95 Percent of Light Energy Captured by New Solar Product

An important breakthrough has been made in solar power technology. A University of Missouri engineer has developed a flexible solar power sheet that can capture up to 95 per cent of sunlight.

This is way more than the average 20 per cent that present solar panels can achieve. Some studies indicate most PV solar panels can have as low as 10 per cent efficiency in converting sunlight into electricity.

Patrick Pinhero, an associate professor in the University of Missouri Chemical Engineering Department, plans to make prototypes within the next five years. Typical photovoltaic methods of solar collection are inefficient and waste much of the available sunlight.

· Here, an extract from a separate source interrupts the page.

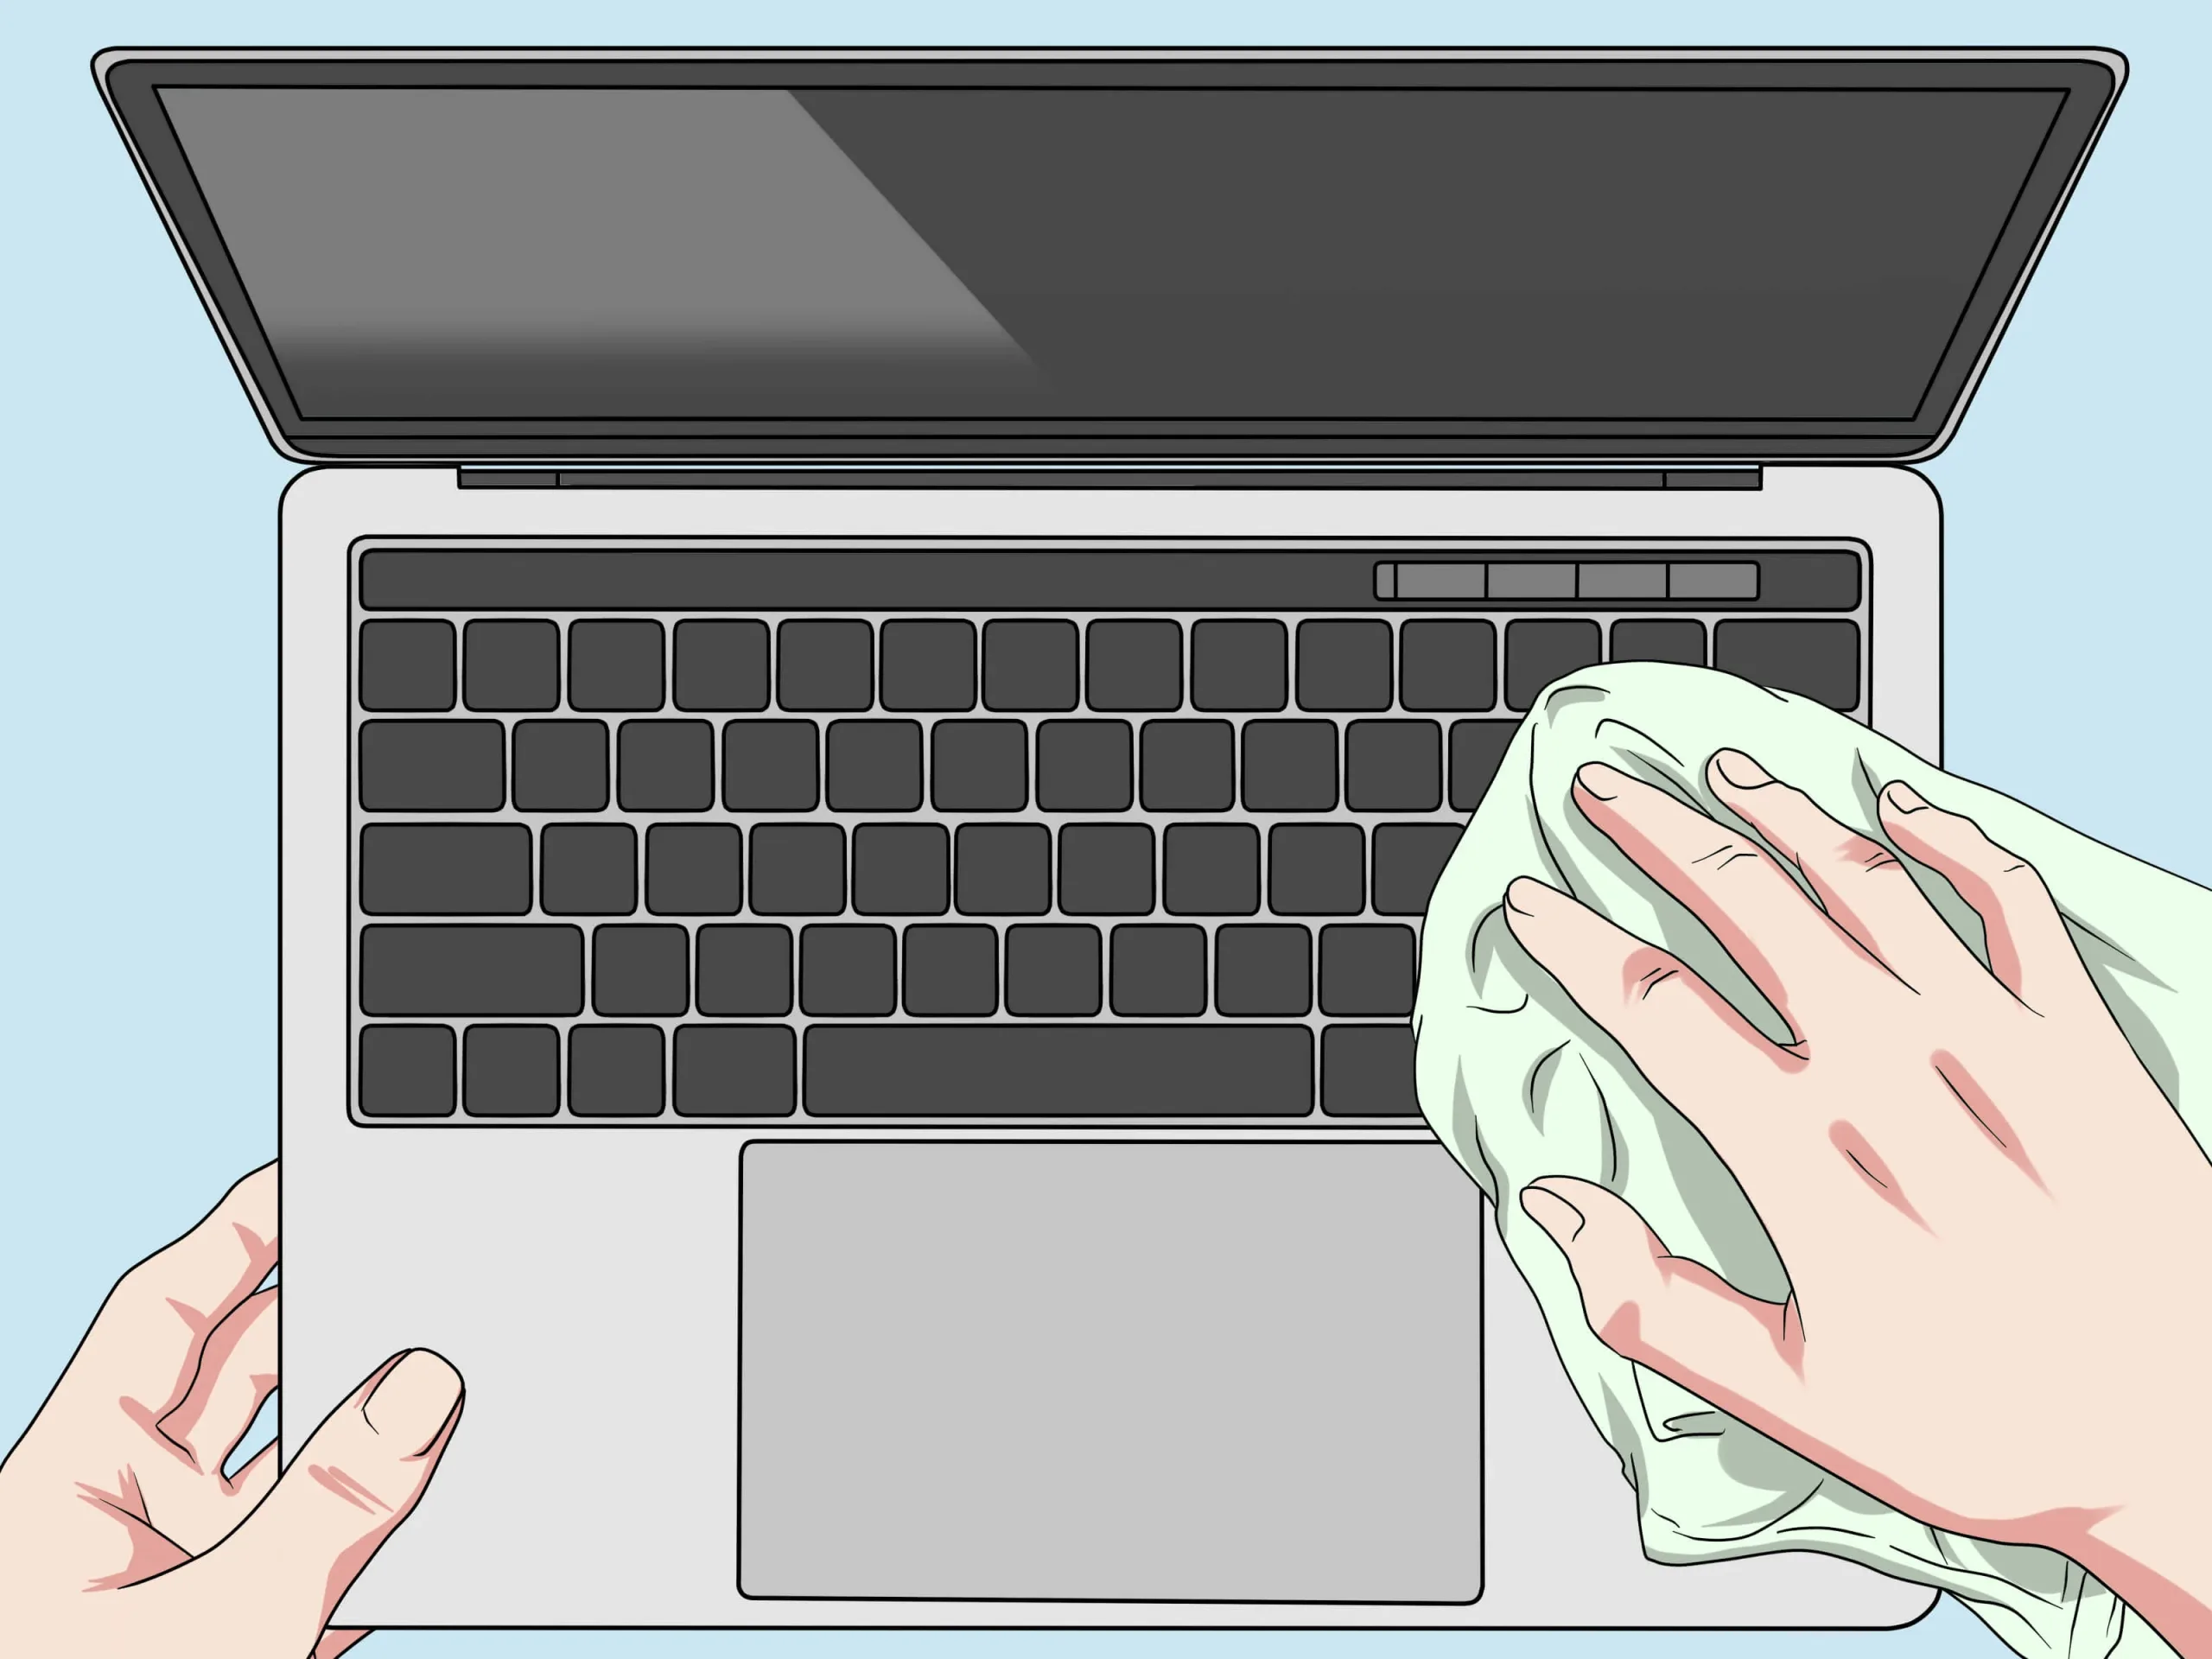 як правильно очистити клавіатуру щоб вона була чиста

The device that his team developed makes it possible to harvest the heat from industrial processes and convert it to electricity. His new solar panel design is a thin, flexible sheet of small antennas called NanTenna.

He plans to improve this concept so that it can be capable of collecting solar irradiation in the infrared and optical regions of the solar spectrum. These regions are untouched by present solar panels.

Working with Pinhero in this project are his former team members at the Idaho National Laboratory and Garrett Moddel, who is an electrical engineering professor at the University of Colorado. The team managed to discover a method to extract electricity from heat and sunlight through special high-speed electrical circuitry.

They plan to port the laboratory bench-sized technology to a working device for the consumers that can be mass-produced to decrease the costs. It is their goal to collect and utilize solar energy and to bring it to the masses in a cheap package.

If they are successful then it would be a quantum leap from current solar energy technologies, which are inefficient. The team is now securing a grant from the United States Department of Energy and private investors.

The second phase of their rollout plan is to have the energy harvesting device ready for industrial infrastructures, which include solar farms and heat process plants. Their target is to have their product ready to complement the existing PV solar panels in five years.

Because it is a flexible film, Pinhero said that it can be part of roof shingle products or incorporated into solar power cars. Once the funding problem is resolved, Pinhero will focus on spin-off products, such as infrared detection.

Practical uses include contraband identifying products for military and airports, infrared line of sight telecommunications and optical computing.